La noche ya había refrescado lo suficiente las paredes de adobe como para permitirle dormir o al menos descansar. Mecánicamente prendió un fósforo y encendió la lámpara de querosén, una lúgubre llama amarilla ilumino la mesa, las cuatro sillas, la cocina y la puerta del cuarto.
Alberto verifico el consumo del querosén en la única lámpara de la casa, y gruño satisfecho. India, siempre mas trasnochadora que el, o quizás mas afecta al fresco nocturno, permaneció unos segundos parcialmente echada en la galería siguiendo con su vista los movimientos del amo en el interior del rancho. Finalmente remoloneando se levantó, estiro sus patas traseras y con un bostezo se encaminó lentamente en pos de Alberto.
El hombre dobló con cuidado sus ropas de trabajo, (en realidad toda su escasa ropa es de trabajo) y se sentó en la cama. Sobre la espartana mesa de luz solo esta la lámpara y el portarretratos. Una mujer y una niña le sonríen desde la foto y el tiempo. Alberto, como todas las noches, estiro su callosa mano derecha, toco el vidrio frió y murmuró unas palabras que tan solo India podría comprender pero no explicar a nadie.
Finalizando el rito diario, Alberto apaga de un soplido la llama de la lámpara, y se acuesta boca arriba. Con los ojos aun abiertos se queda observando las últimas volutas de humo que la mecha apagada desprende de la lámpara, los dibujos etéreos suben apenas visibles gracias a la claridad de la luna que entra por la ventana abierta. La perra gira un par de vueltas en el piso buscando una posición más cómoda, suspira profundamente y cierra sus ojos.
- Con un poquito de suerte mañana termino de arar el lote. - Dice Alberto en voz baja.
El tema no es menor, el lote en cuestión es el último pedazo útil de su tierra, aun no labrado. Año tras año a lo largo de toda una vida, Alberto ha trabajado su tierra. Desde que muriera su padre y le entregara unas pocas hectáreas de monte salvaje, hasta el día de hoy, Alberto no ha dejado de trabajar ni un solo día en ella. En realidad esto no es exacto, hubo una sola excepción, y no fue de un día sino de diez. Eso pasó hace más de ocho años y fueron los diez días más tristes de su vida.
Como todas las noches Alberto recuerda y sueña con otras épocas felices hasta cerrar sus ojos y quedarse profundamente dormido.

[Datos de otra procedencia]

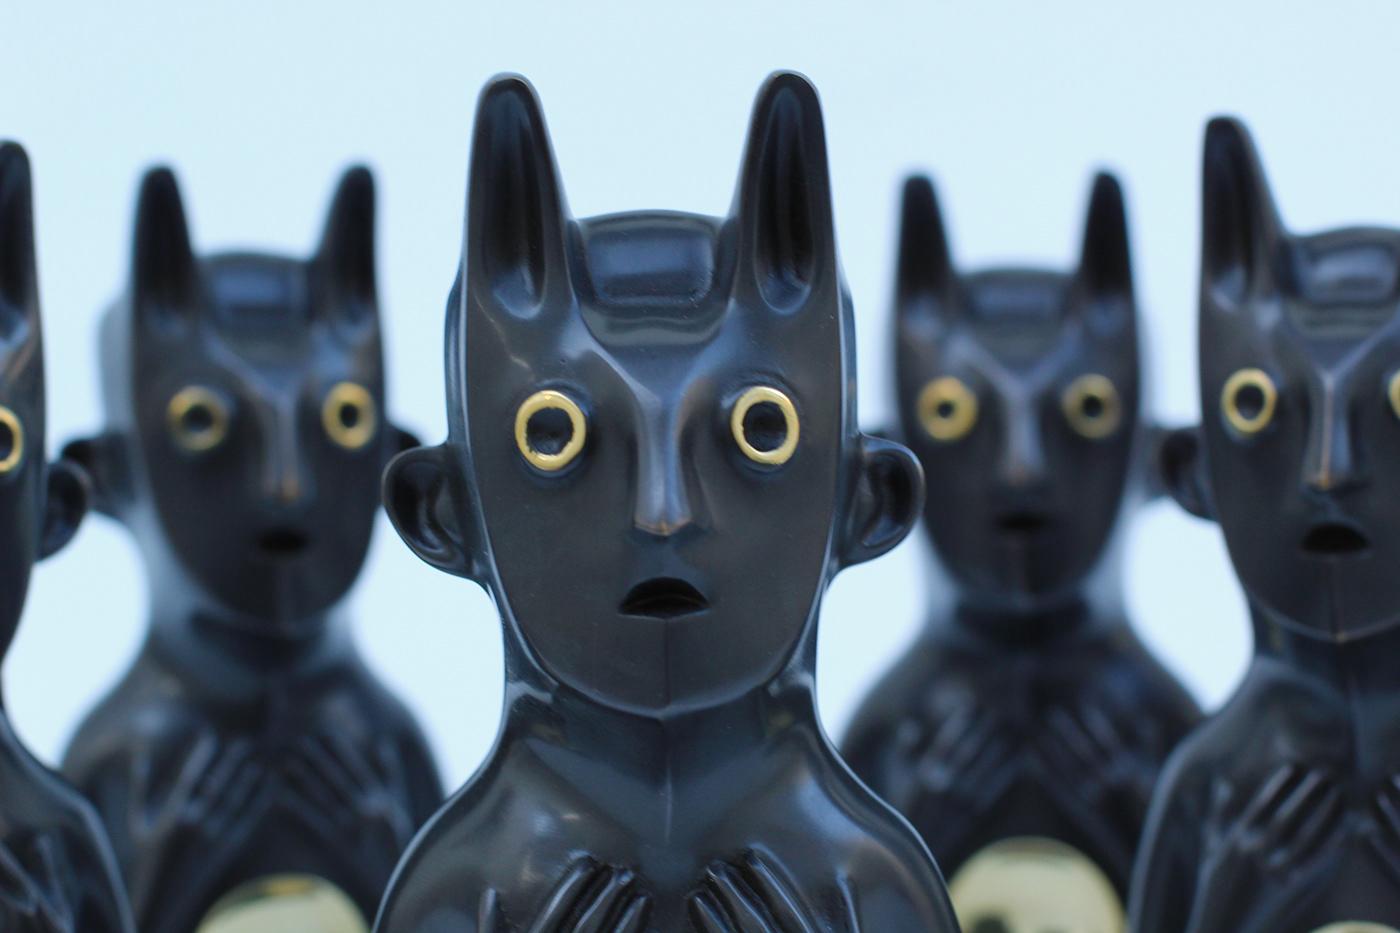 3dprint bronze sculpture sculpture tocooco Zbrush

Aun esta oscuro, pero la claridad sobre la montaña, presagian lo eterno, otro día.
El gallo afina su primer canto y Alberto abre sus ojos. India lo mira golpeando alegre su cola contra el suelo de la habitación.
Como todos los días, Alberto se levanta de la cama, agradece a Dios con una breve oración enseñada por su madre, camina descalzo fuera de la casa hasta el retrete. Vuelve mirando al cielo intentando desentrañar un futuro de solo veinticuatro horas.
- Fresco aunque un poco húmedo, pero hoy no lloverá, quizás hoy termine.
Alberto se higieniza semidesnudo en la cocina, vuelve a la habitación y observa crítico unos segundos su ropa.
- Aguantan otro día.
La rutina diaria de vestirse, prender el horno de barro, ir al corral de las cabras, ordeñar un jarro de leche, soltar las cabras y volver a desayunar con un poco del pan de ayer, es supervisada atentamente por la perra.
Un poco de “yerbeado” para el hombre, un plato de leche para India y un poco de pan para ambos constituye el primer plato del día.
Enjuaga los escasos utensilios de cocina y sale fuera del rancho. A lo lejos su yegua relincha.
- ¡Mañera! - Dice Alberto con cariño.
Saca las riendas colgadas del tala y camina a su encuentro.
Bajo un gigantesco quebracho dos cruces impecablemente blancas descansan en el amanecer. El hombre las mira, como todas las mañanas, y unas palabras ininteligibles salen como aliento de su boca en el fresco amanecer. A unos metros el primer rayo de sol pega sobre el camino a la vieja mina abandonada, esta huella es el único vinculo que une a Alberto con el mundo o quizás mejor, al mundo con Alberto.

Como todas las mañanas, el sol castiga cada vez más el cuello y la espalda de Alberto. El trabajo es lento, pausado, a cada rato la reja del arado tropieza con una piedra, la yegua se detiene con un “shhh”.
India se aproxima al hombre que, en cuclillas, saca la piedra del surco, la arroja un lado y aprovecha para trozar con sus manos algunos terrones más grandes que quedaron sin romper del último tramo, afila un poco la hoja y vuelve a guiar su herramienta de trabajo.
Los metros de tierra arada avanzan lentamente con el paso de las horas y los tragos de agua de la caramañola. No hace falta reloj, basta ver la sombra perpendicular del arado sobre la tierra. El trabajo se suspende por unas horas, es mediodía, la yegua es atada para abrevar a la sombra de un algarrobo.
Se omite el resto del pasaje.